​“Projects have never been lacking at Voyager, there’s always work to be done,” said Trevor Balbach, an Engineering Manager at Voyager Industries. Located in Brandon, Minnesota, this small aluminum fabrication company has its hand full manufacturing proprietary products for the Yetti Fish Houses, Bear Track Trailers, Titan Deck and Voyager Dock brands.

With the addition of a new manufacturing plant in Pine River to help keep up with production, this spring and summer seemed like the perfect time to bring on a new mechanical engineering/drafting intern.

Since 2015, Voyager has hired several students though the SciTech Internship Program, a free, state-funded resource that makes finding and paying interns easier for small business owners. On top of the wage reimbursement they receive (up to $2,500 per student), the team at Voyager looks to these opportunities as a reliable way to strengthen their workforce.
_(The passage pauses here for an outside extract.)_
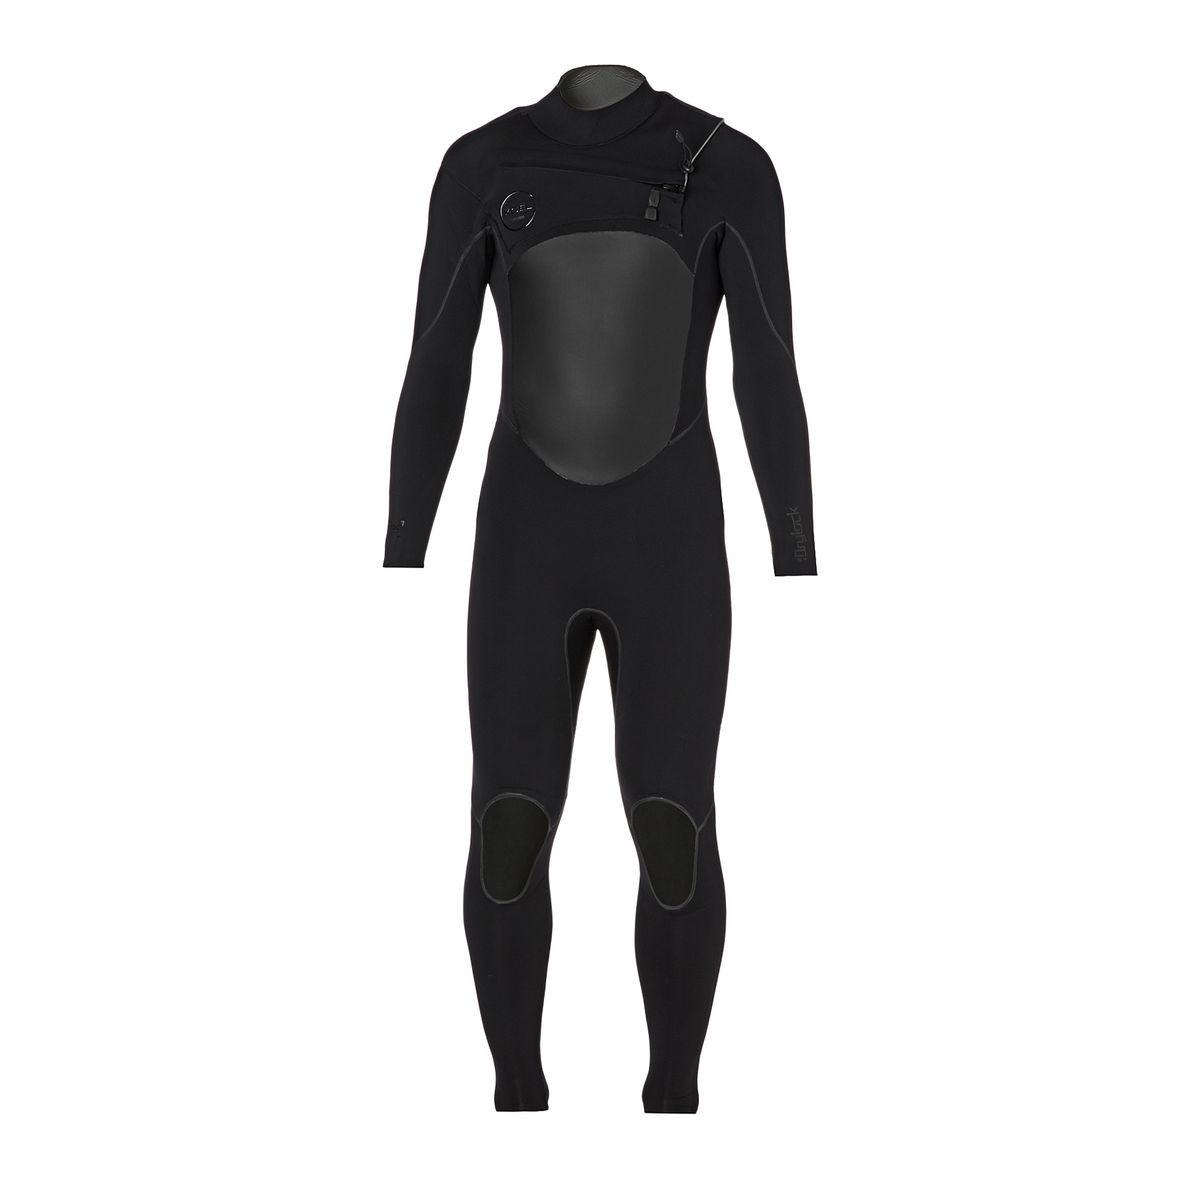 Xcel Drylock 5/4mm 2017 TDC Chest Zip Wetsuit - Black

“One of the benefits of an internship is it gives us a chance to train, and it gives them a chance to learn about the industry,” said Voyager’s HR Manager Naomi Sands. As a result, “we’ve had great success with long term employment.”

An arsenal of experience
This year, Voyager found more than they could ask for in Jared Stine, who after working in the manufacturing industry for 8 years as a welder, machinist, and fabricator decided to enroll in the Mechanical Drafting, Design, & Engineering program at Alexandria Technical and Community College.

“Jared’s experience with welding was a plus,” said Balbach. “I’ve never production-welded, but he’s come from the real world of meeting customer demands and meeting run times. He was able to contribute to the team right away.”

Stine’s industry experience provided him with a unique perspective and a strong foundation for his growth at Voyager. “Having that manufacturing background, I was able to see the end product in my head before completing it. Just having that mental visualization really helps,” Stine said. “Most companies are looking to increase speed, numbers and accuracy. Once you’ve been involved in building something, you know where you can save a little time and what makes things easier when designing fixtures.” 

Looking to be challenged
Since starting in March, Stine has helped manufacture at least three different fixtures, fine-tuned a few design projects, and worked closely with one of Voyager’s robotic welders. When assessing a mount fixture, Stine came up with a new design that enabled the robot to weld four mounts at a time instead of one, significantly increasing the machine’s efficiency.

Finding clever ways to fix and improve things, Stine said, “is one of my favorite things about working here. It’s why I wanted to go back to school, I was looking for that challenge. I like being able to use my problem-solving skills and any time I can better a part or make it easier for the guys on the floor who are building that stuff. Coming from that background, it’s fun knowing that you’re helping them out too.”